Ah, now this is interesting.  I think that when you noted a materialistic
explanation, I assume you meant an interpretation that just ignored/avoided the
theological overtones.  Which to me is textually out-of-question--there are too
many clear references to Christianity to have that not come out as a "yes, but
you've ignored the white whale, Sir" explanation of Moby Dick.

	The question is, does the BOTNS necessarily mean Christianity has
completely failed in Urth?  Well, as far as being a clearly present religion,
yes.  However, the church invisible, as I understand it, can continue even if
the visible church has vanished--and as I see it, the patterning of Severian's
life after both Christic and, as importantly, maybe, Apostolic, events
indicates that the Increate (guess who?) is still working through human
history.  I will be honest and say that in my interpretation, the New Sun is
not the end of history, which in this universe may well (I suspect would be)
the end of Christian revelation.  In what sense is the New Sun an
eschatological completion?  It's the opposite--it starts things up, and
prevents the icy/entropy future of Abaia & co.  The New Sun is analogous to
Revelation and Second Coming, but it isn't the same thing.  It's a (here I
agree with you) primarily material rescue--the spiritual end being the wiping
clean of the dying culture of Urth.  Things are just starting up again on Urth,
and where the Green Men will go from there is anybody's guess.  And I'd say
that the Green Men are "man" and probably, in Wolfe's schema, covered by
original sin.  A stage in evolution wouldn't make us gods or angels, and
photosynthesis doesn't really impact metaphysically.

	For me, the best indication that Urth IS our universe, and Christianity
is, while not exactly filling the pews, still around in the important sense, i
in Long Sun.  Silk, it seems to me, has been contacted by the Outsider as part
of a revelation that is to (A) as in the BOTNS, save everybody's skins from a
materially killing end, and (B) to slowly restore Christianity.  The voided
crosses, the images Silk sees, the direct reference to a man crucified--these
seem to me to be sufficient evidence to place it all in our universe (since
Long Sun and New Sun are surely the same universe!)
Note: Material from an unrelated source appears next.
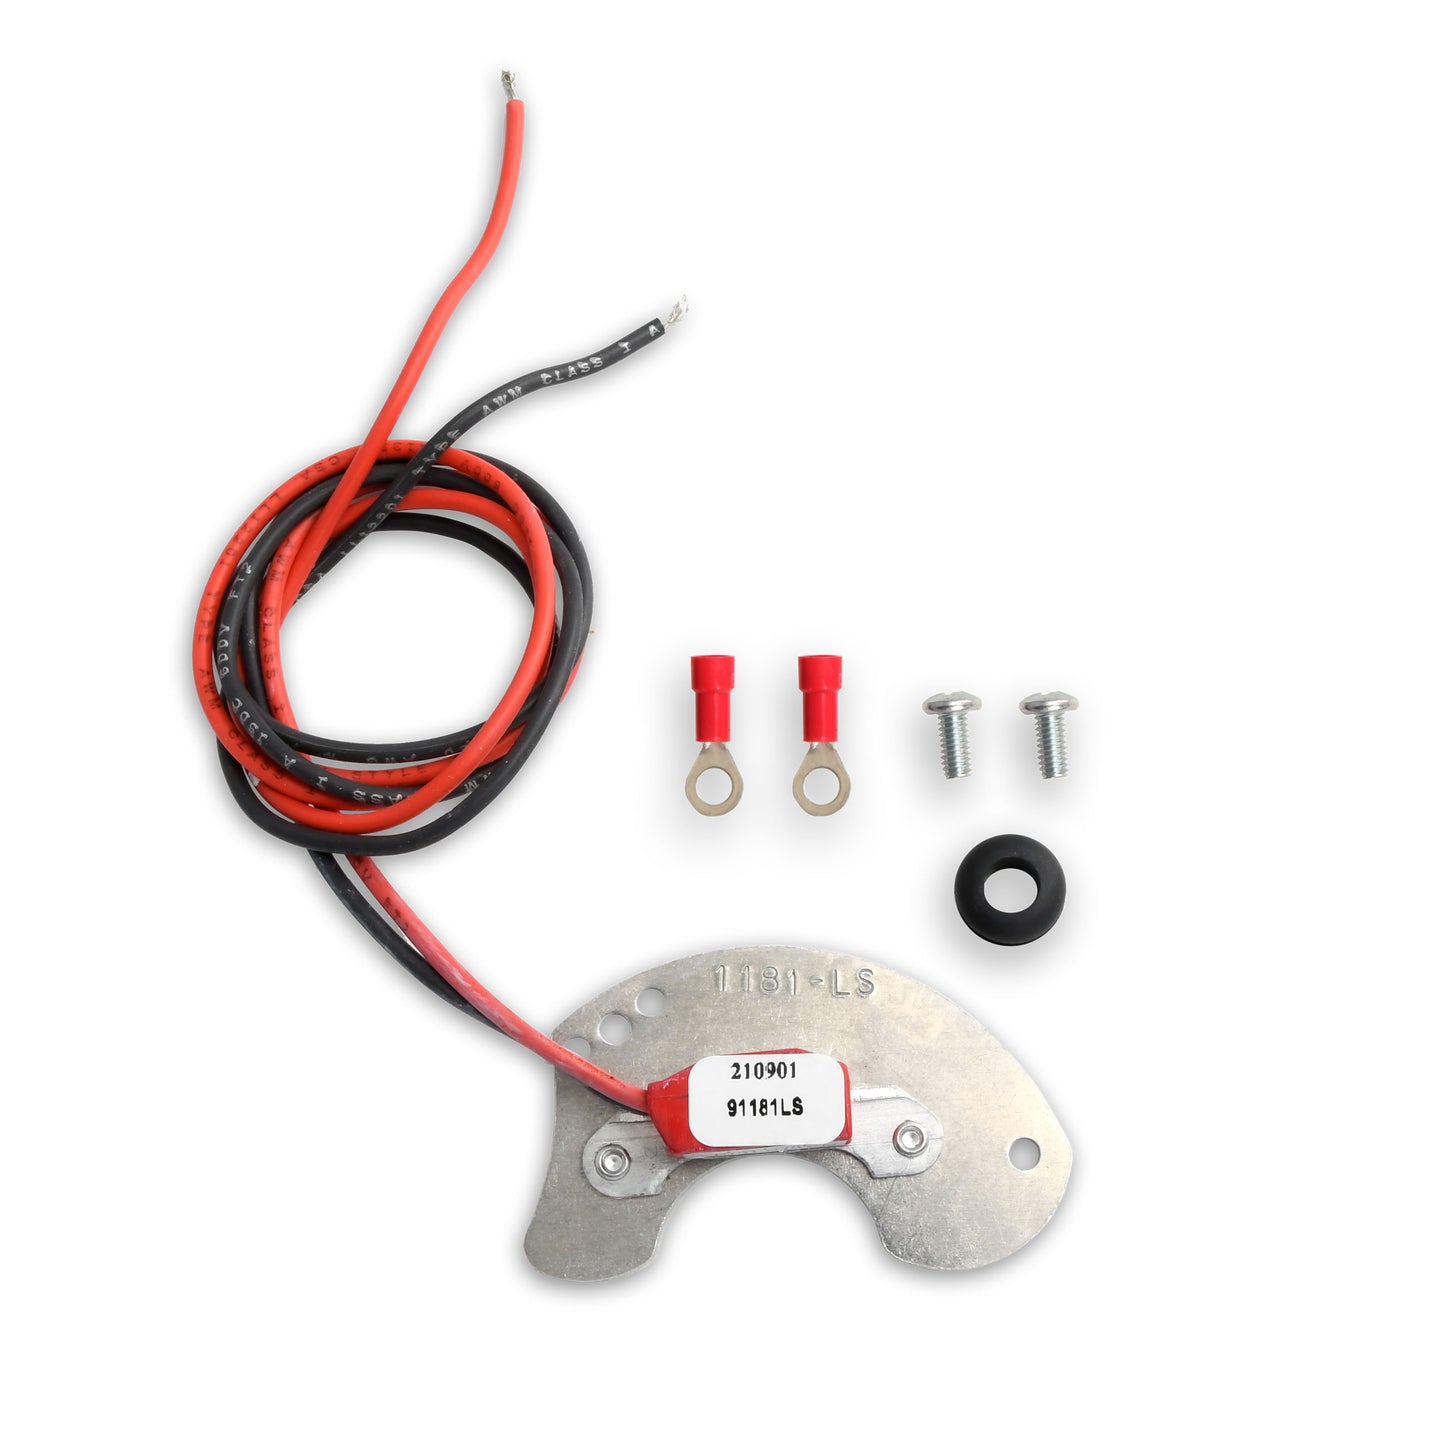 PerTronix 91181LS Ignitor® II Delco 8 cyl Electronic Ignition Conversion Kit

	Both stories to me seem to be about historical, physical actions saving
mankind or some subset thereof from material disaster, but the underlying
patterns of the salvation are such that it is difficult not to see signs of a
historically active God--specifically, the Christian God.  In fact, the
non-existence of an active Christianity reinforces the theological explanation
of the BOTNS--if the heiros were devout Catholics they might have motives in
making Severian's life analogous to Christ's, in arranging for him to imitate
Peter by raising a woman named Dorcas, etc.  But they don't seem to be.   So,
the patterning of Severian's life is best explained as the hand of the
Increate, working through the physical world and, specifically, that rascal
Severian.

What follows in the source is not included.